> YOUR OBJECTIVE: Lines from the one containing "Alaska Day Drawing Vector Template" through the final line of the data, restated word for word and free of pictures, make up the whole answer.

[DATA EXTRACT — start]

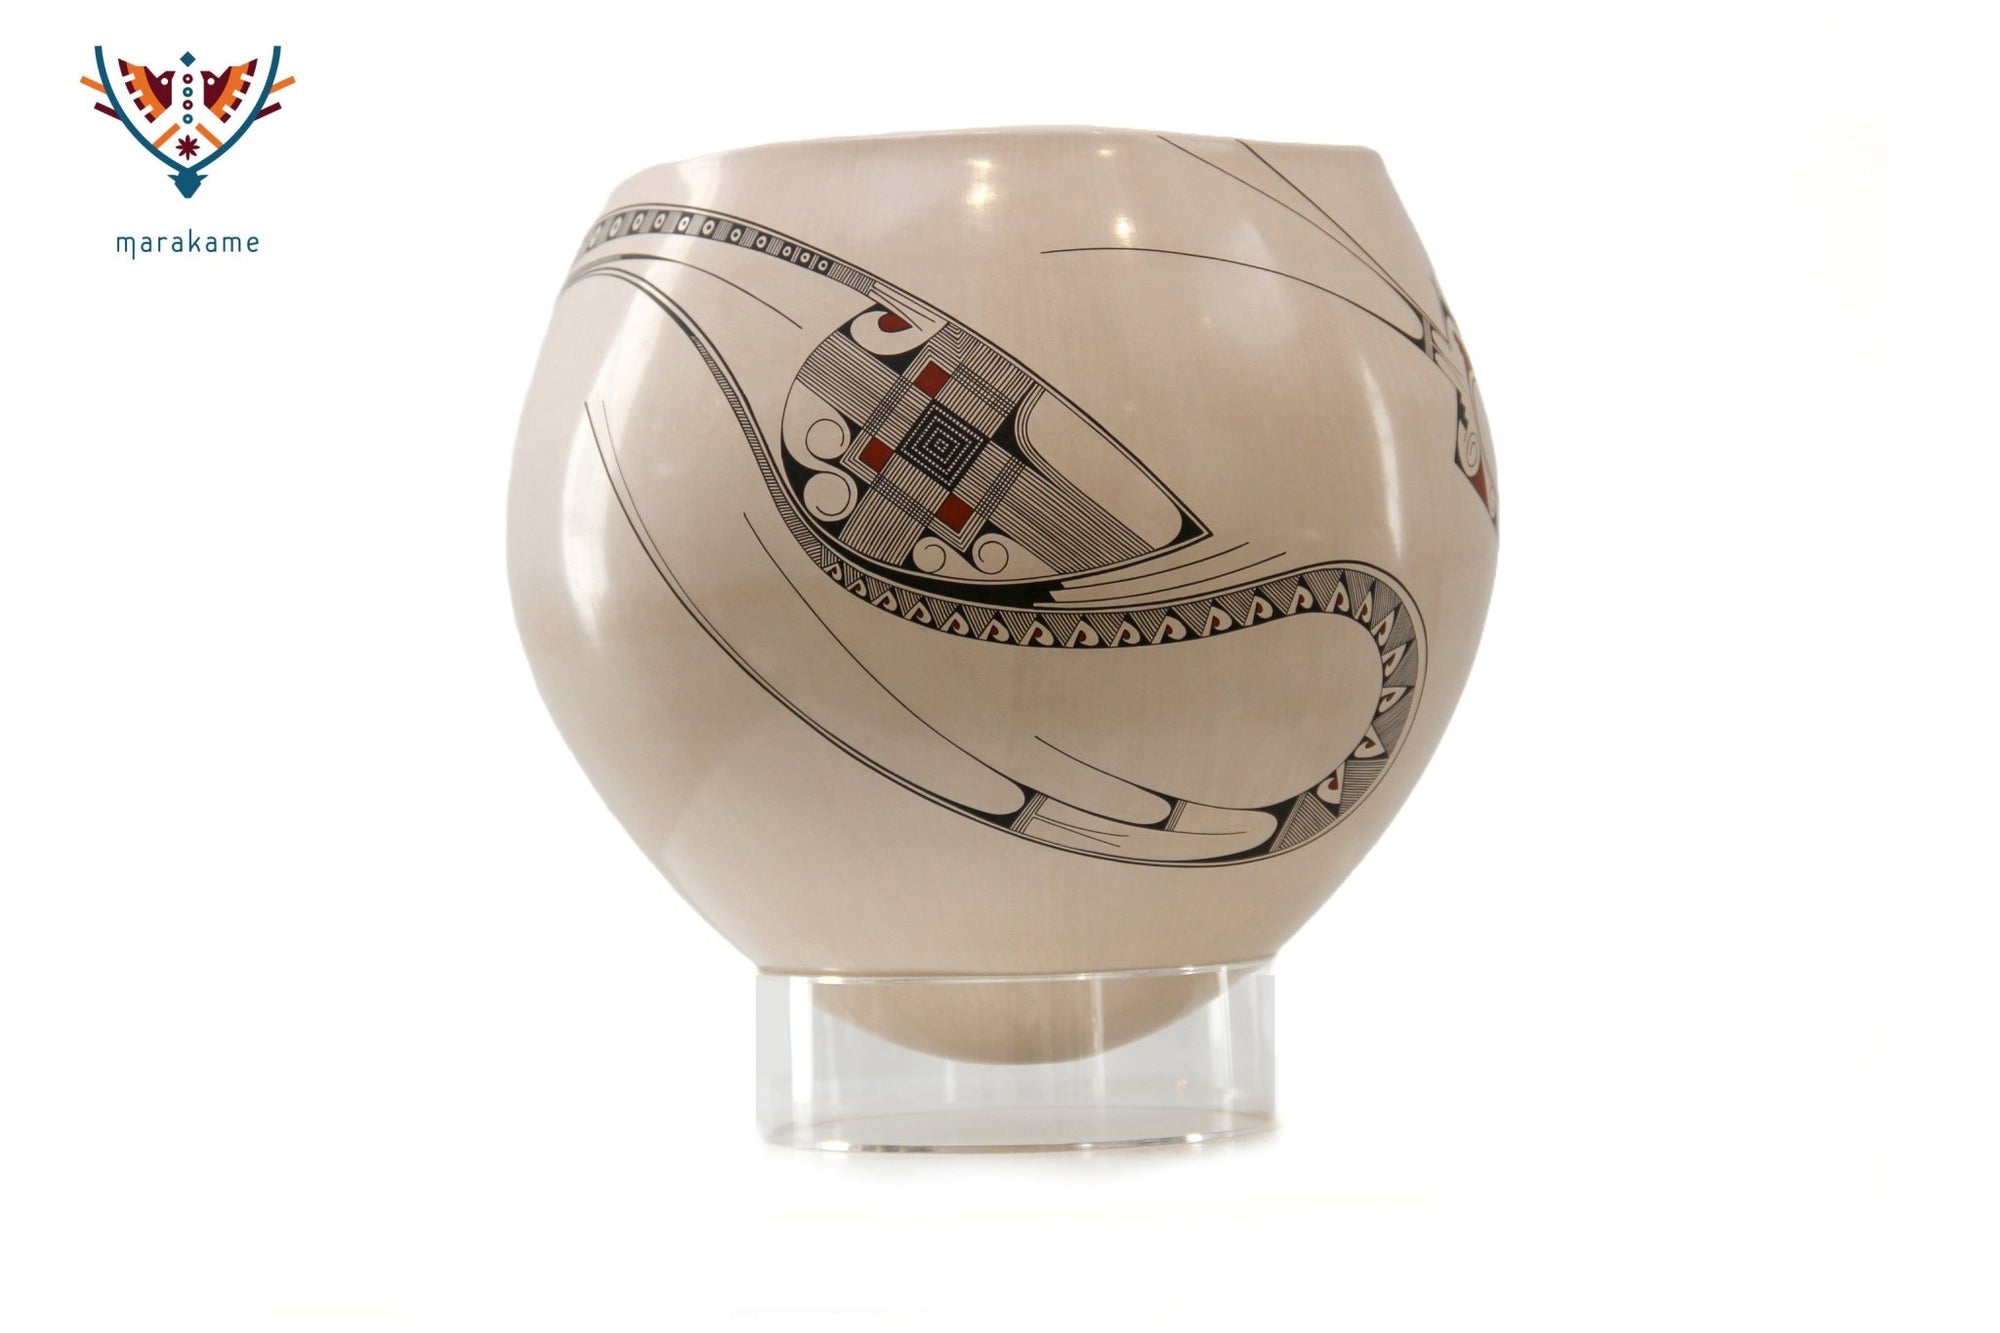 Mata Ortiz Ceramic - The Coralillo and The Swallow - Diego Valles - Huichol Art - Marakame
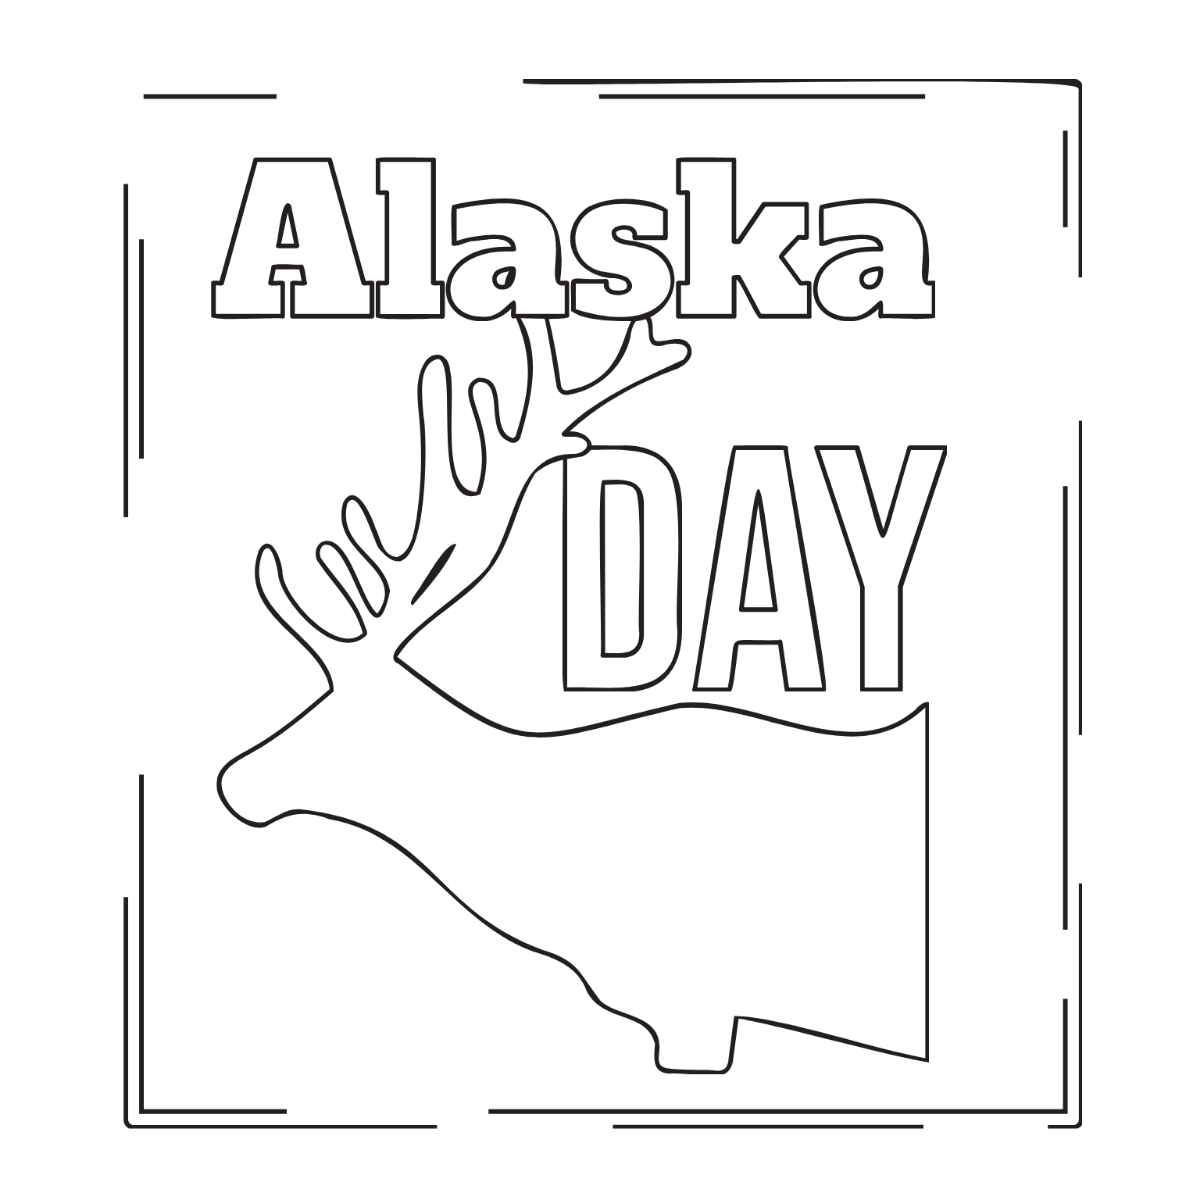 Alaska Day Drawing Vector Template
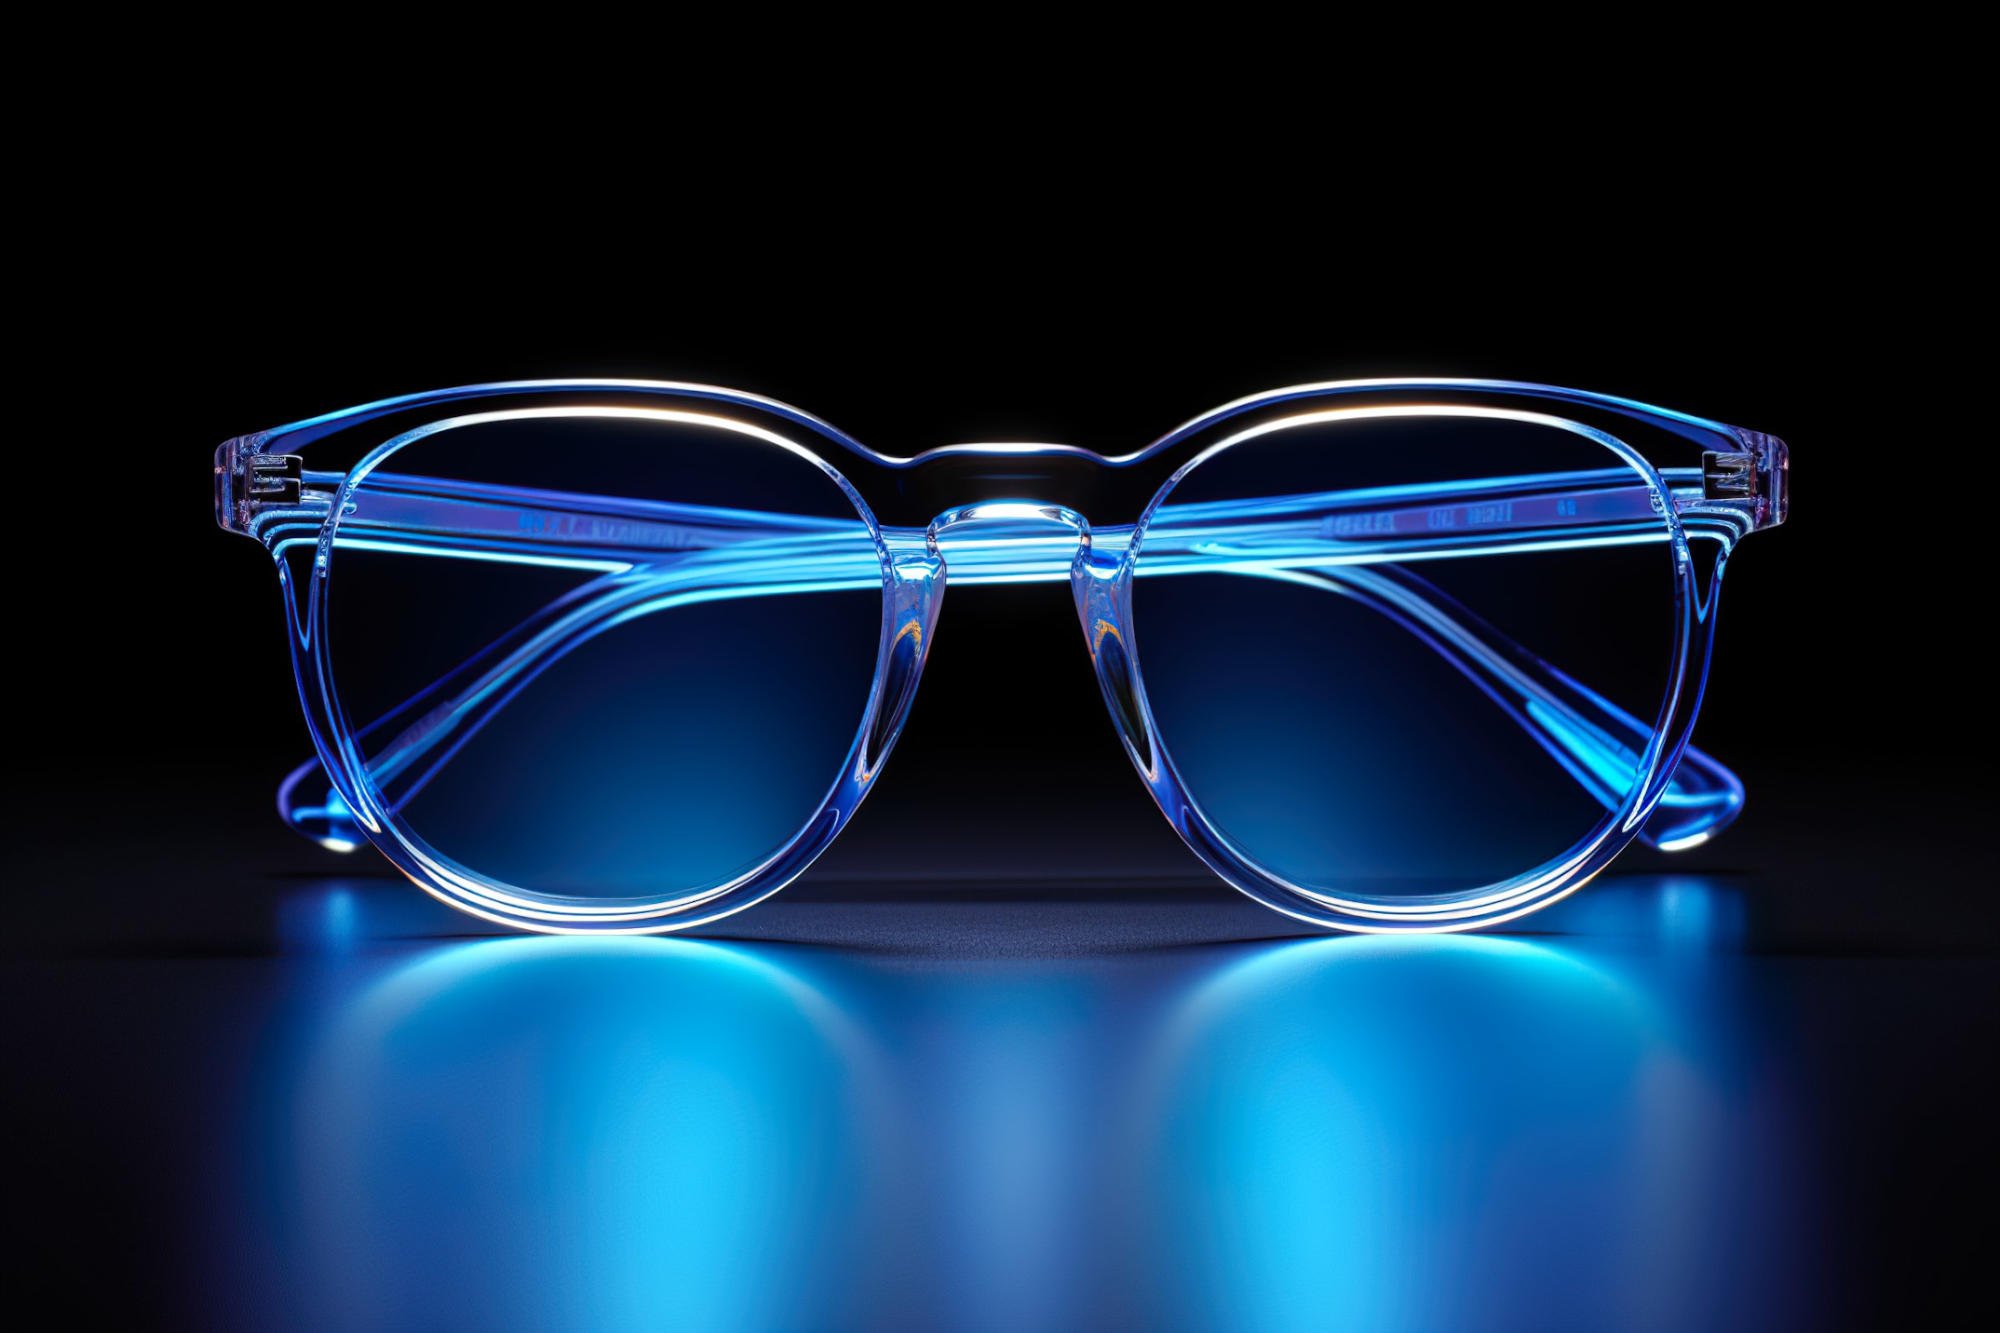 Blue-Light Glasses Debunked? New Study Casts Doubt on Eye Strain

[DATA EXTRACT — finish]

> ANSWER SPACE:
 Alaska Day Drawing Vector Template
 Blue-Light Glasses Debunked? New Study Casts Doubt on Eye Strain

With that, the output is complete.